▶ **Information provided**:

"""

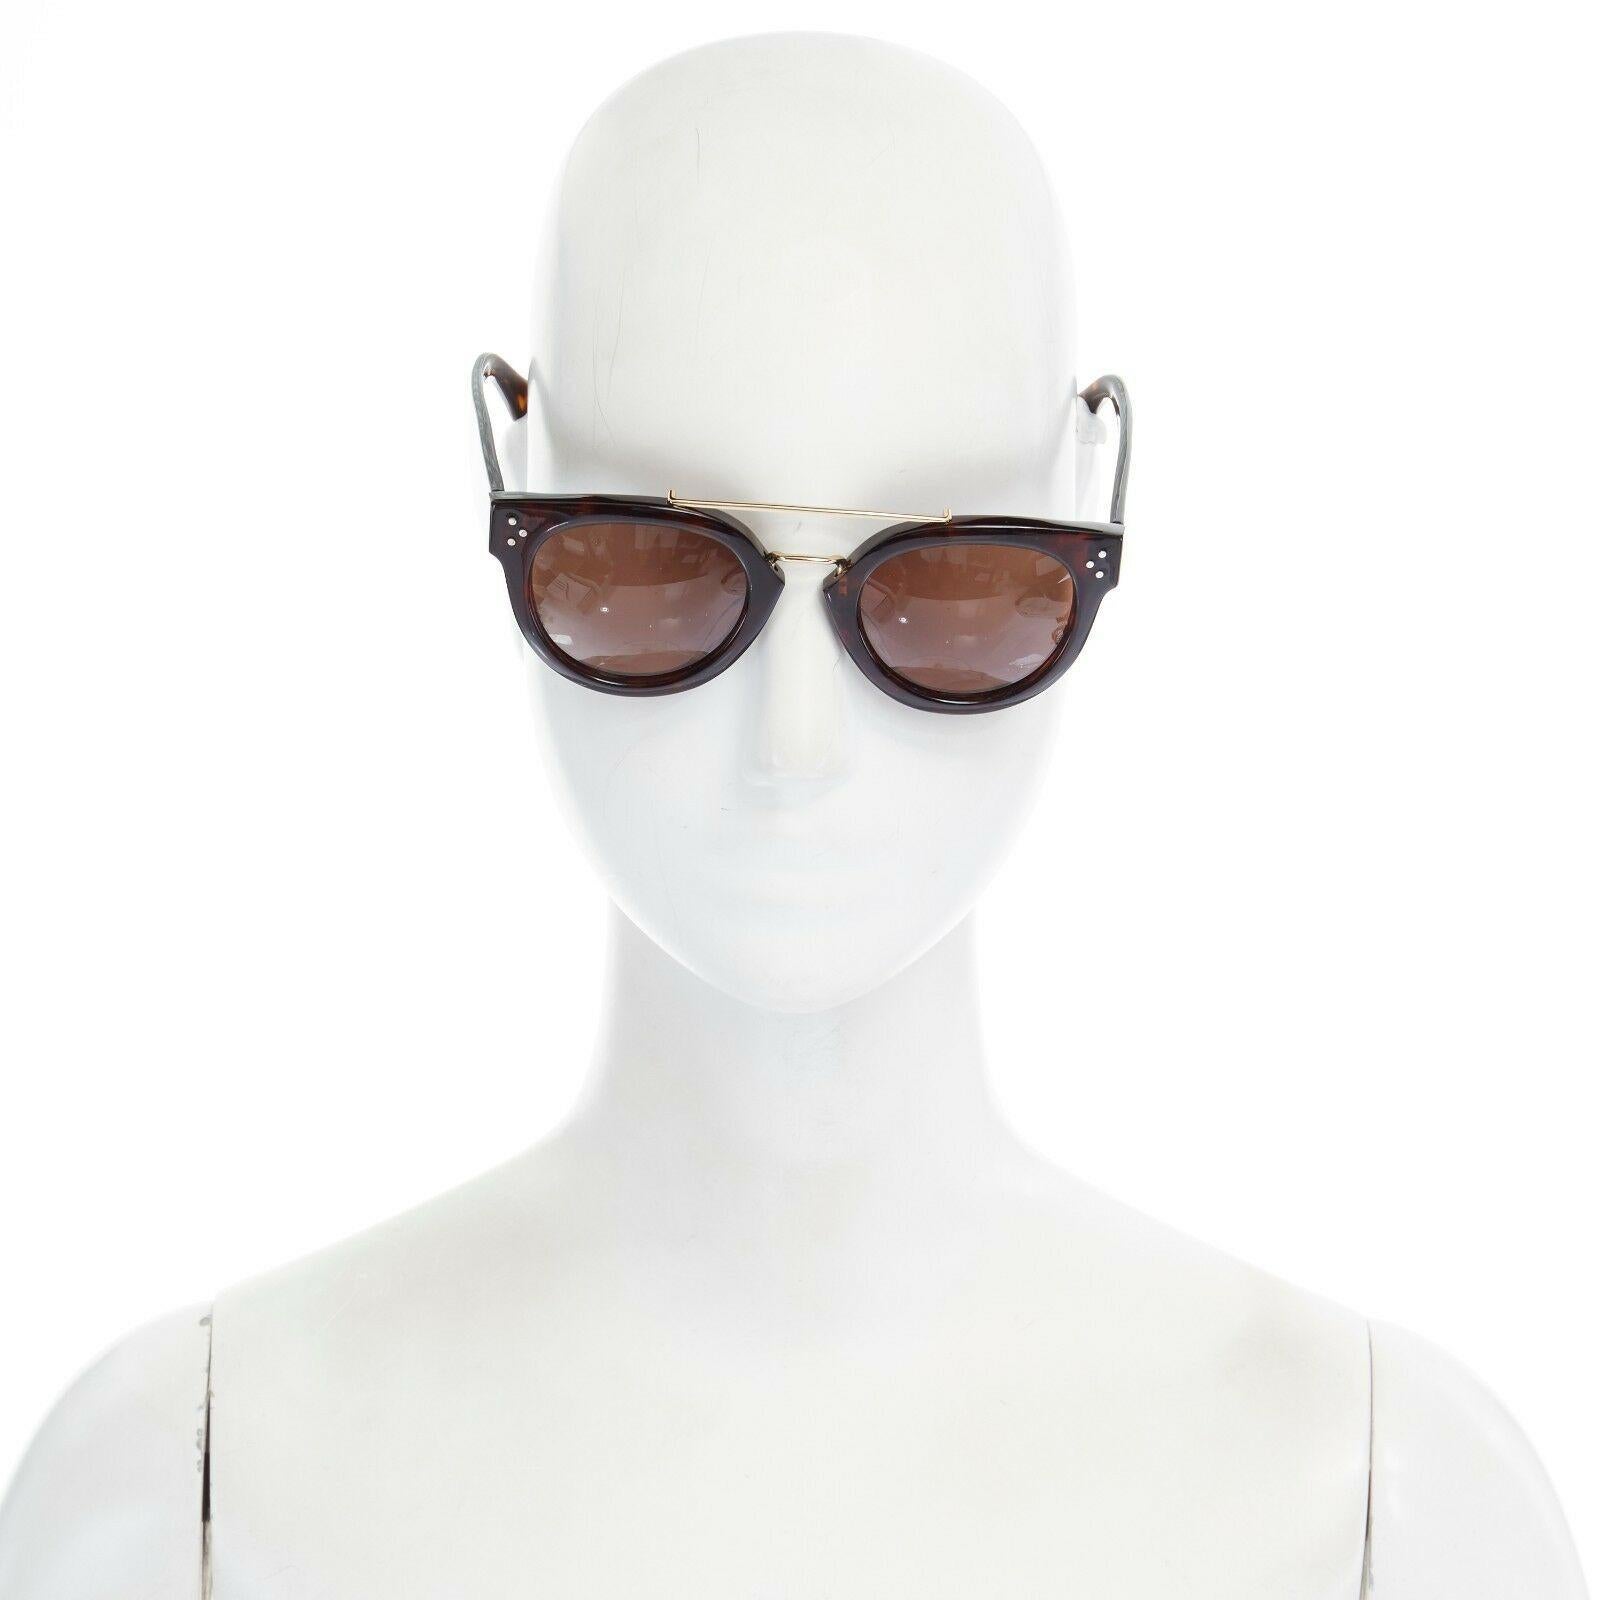 CELINE PHOEBE PHILO brown acetate thick frame browbar brown lens sunglasses

CELINE BY PHOEBE PHILO
Brown tortoiseshell acetate. Gold tone accented at brow bar. Signature silver stud detail at temple.  Rounded square shape. Molded nose pads. Thick

"""

▶ **Brief**: Copy each line exactly, from the line containing "CELINE BY PHOEBE PHILO" down to the last line of the material, and no other lines.

▶ **Exercise solution**:
CELINE BY PHOEBE PHILO
Brown tortoiseshell acetate. Gold tone accented at brow bar. Signature silver stud detail at temple.  Rounded square shape. Molded nose pads. Thick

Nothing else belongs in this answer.